The fundamental constraint of working memory is capacity. Current context windows range from 8K to 200K tokens, but effective working memory is smaller: models struggle to attend to all information equally across very long contexts. The practical working memory limit where information is reliably used is approximately 20-40K tokens for most models, even with larger context windows.

Long-Term Memory: Persistent Storage

Long-term memory stores information that persists beyond the current context window and across sessions. This includes:

Vector stores: Embeddings of past conversations, documents, and knowledge, retrieved by semantic similarity
Databases: Structured data stores (SQL, key-value) for facts, preferences, and configurations
File systems: Persistent files written by the agent or provided by the user
Knowledge graphs: Entity-relationship stores that capture structured knowledge

Long-term memory has virtually unlimited capacity but requires explicit retrieval. The agent must decide what to store, how to index it, and when and how to retrieve it. This retrieval process is the bottleneck: finding the right information among millions of stored items is a search problem.

Information Flow Between Layers

The memory architecture defines how information moves between layers:

Encoding (Sensory -> Working): Raw input is processed, summarized, and loaded into the context window. This often involves truncation, extraction, or summarization to fit within token limits.
Consolidation (Working -> Long-Term): Important information from the current session is written to persistent storage. This includes conversation summaries, learned facts, and task outcomes.
Retrieval (Long-Term -> Working): When the agent needs past information, it queries long-term memory and loads relevant results into the context window. This is analogous to "remembering" — pulling stored information back into active processing.
Forgetting: Information that is no longer relevant is removed from working memory (dropped from context) or deprioritized in long-term memory (reduced relevance score). Forgetting is essential to prevent information overload.

Why It Matters

Overcomes the Context Window Bottleneck

The context window is the single most limiting factor in agent capability. Without long-term memory, agents cannot remember anything from previous sessions, cannot handle tasks that require more information than fits in context, and cannot learn from past experiences. Memory architecture transforms the finite context window from a hard limit into a managed resource.

Enables Learning and Personalization

Long-term memory allows agents to accumulate knowledge over time: user preferences, past successes and failures, domain-specific facts. This enables personalization (adapting to individual users) and improvement (performing better on tasks similar to past tasks).

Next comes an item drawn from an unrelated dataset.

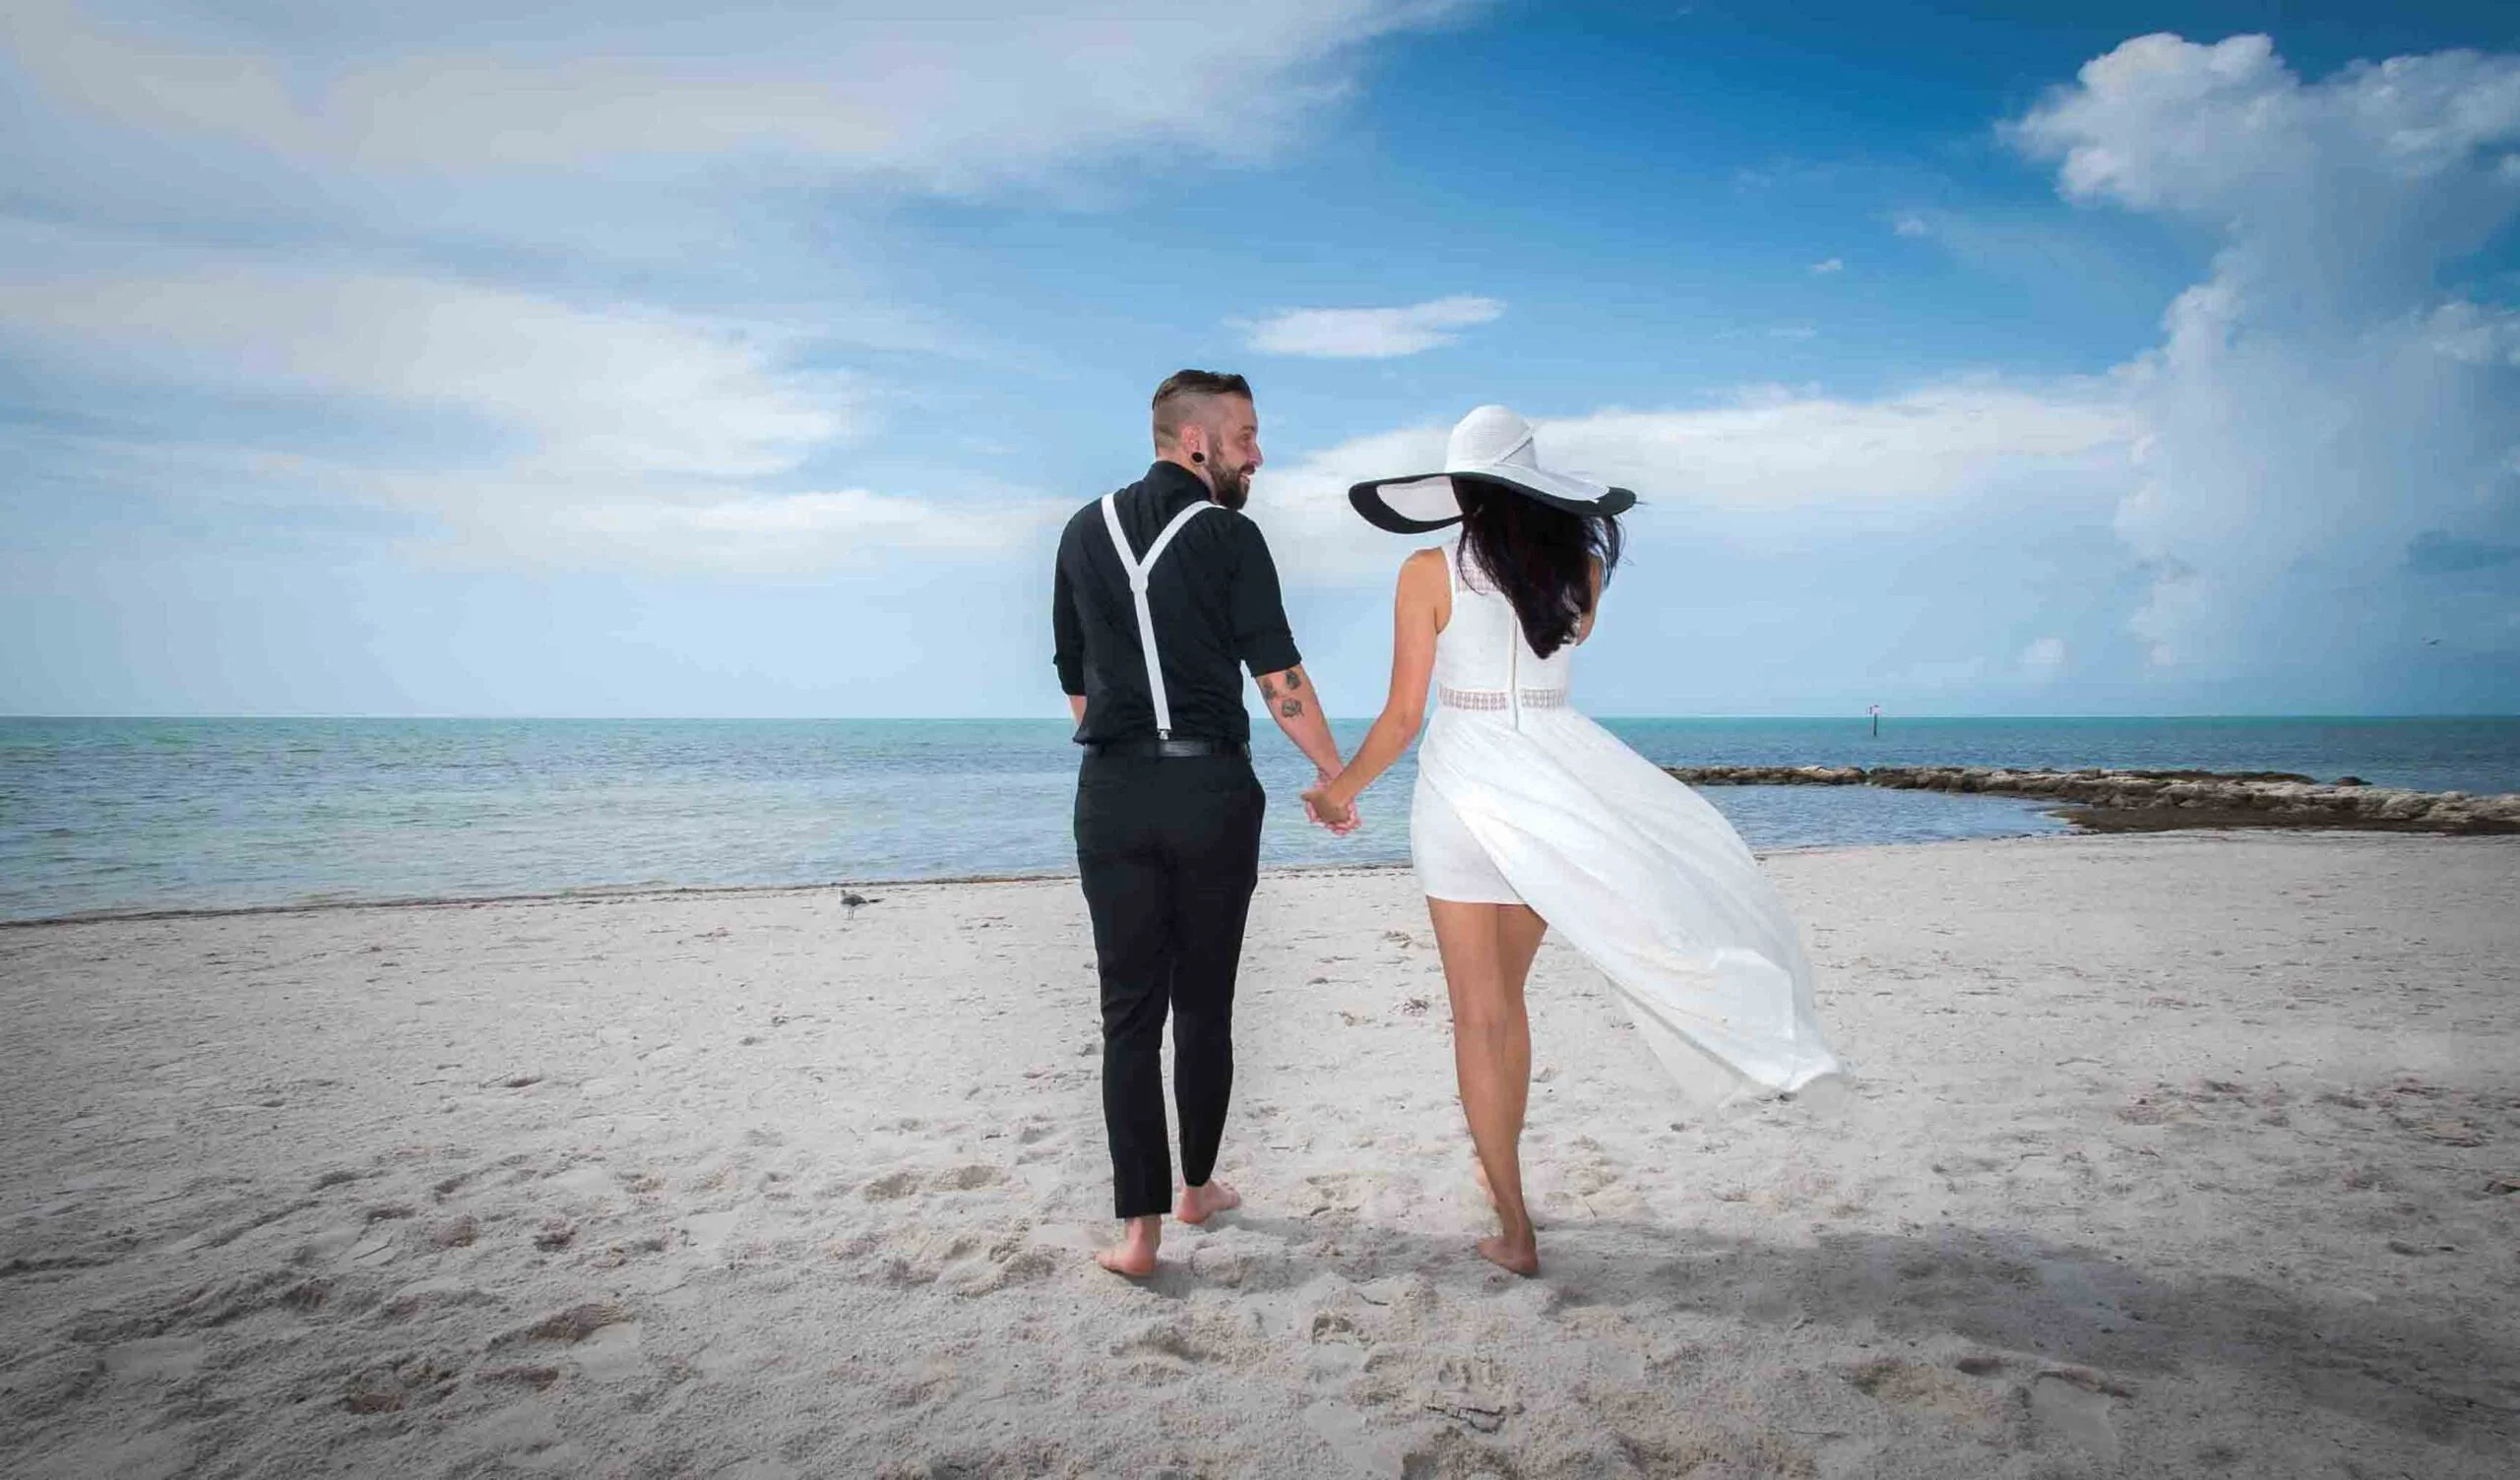 Keywords used: key west wedding photographer, key west weddingDescription: A beautiful key west wedding captured by a talented photographer. The bride and groom are seen holding hands on the serene beach, with the

Supports Complex Multi-Session Tasks

Real-world tasks often span multiple conversations or sessions. A research project might unfold over days, with the agent gathering information in one session and synthesizing it in another. Memory architecture enables this by persisting intermediate results and context across sessions.

Key Technical Details

Working memory effective limit: ~20-40K tokens for reliable information use, even in models with 100K+ context windows, due to attention dilution in the "lost in the middle" phenomenon
Long-term memory retrieval latency: Vector store queries take 10-100ms; database queries take 1-50ms. This is fast enough for interactive use but adds up over many retrievals per agent step
Embedding dimensions: Common embedding models produce 768-3072 dimensional vectors. Higher dimensions capture more semantic nuance but increase storage and retrieval costs
Memory consolidation trigger: Common strategies include consolidating at end-of-conversation, at regular intervals (every N messages), or when working memory exceeds a threshold
Retrieval count: Loading 3-5 relevant memory chunks per agent step is typical; more risks overwhelming working memory, fewer risks missing critical context
Storage formats: Conversation memories are typically stored as (text, embedding, metadata) tuples where metadata includes timestamp, topic, importance score, and source
Cross-session state: Persistent state between sessions requires explicit serialization (saving to a file or database) and deserialization (loading at session start). Stateless APIs do not provide this automatically

Common Misconceptions

"Larger context windows eliminate the need for memory systems." Larger context windows expand working memory but do not replace long-term memory. A 200K-token context window cannot hold a year of conversation history. Moreover, performance degrades with very long contexts, making active memory management essential even within large windows.
"Vector search is all you need for memory retrieval." Vector search finds semantically similar content, but memory retrieval also requires recency awareness (recent memories are more relevant), importance scoring (critical memories should surface more often), and structured queries (looking up specific facts by key). Hybrid retrieval strategies outperform pure vector search.
"Memory should be managed automatically without user awareness." Users benefit from understanding what the agent remembers and does not remember. Transparency about memory capabilities and limitations prevents mismatched expectations. Some users want to correct or delete specific memories.
"All information should be stored in long-term memory." Storing everything creates noise that makes retrieval less effective. Selective storage (only important, novel, or user-flagged information) produces a higher-quality memory store.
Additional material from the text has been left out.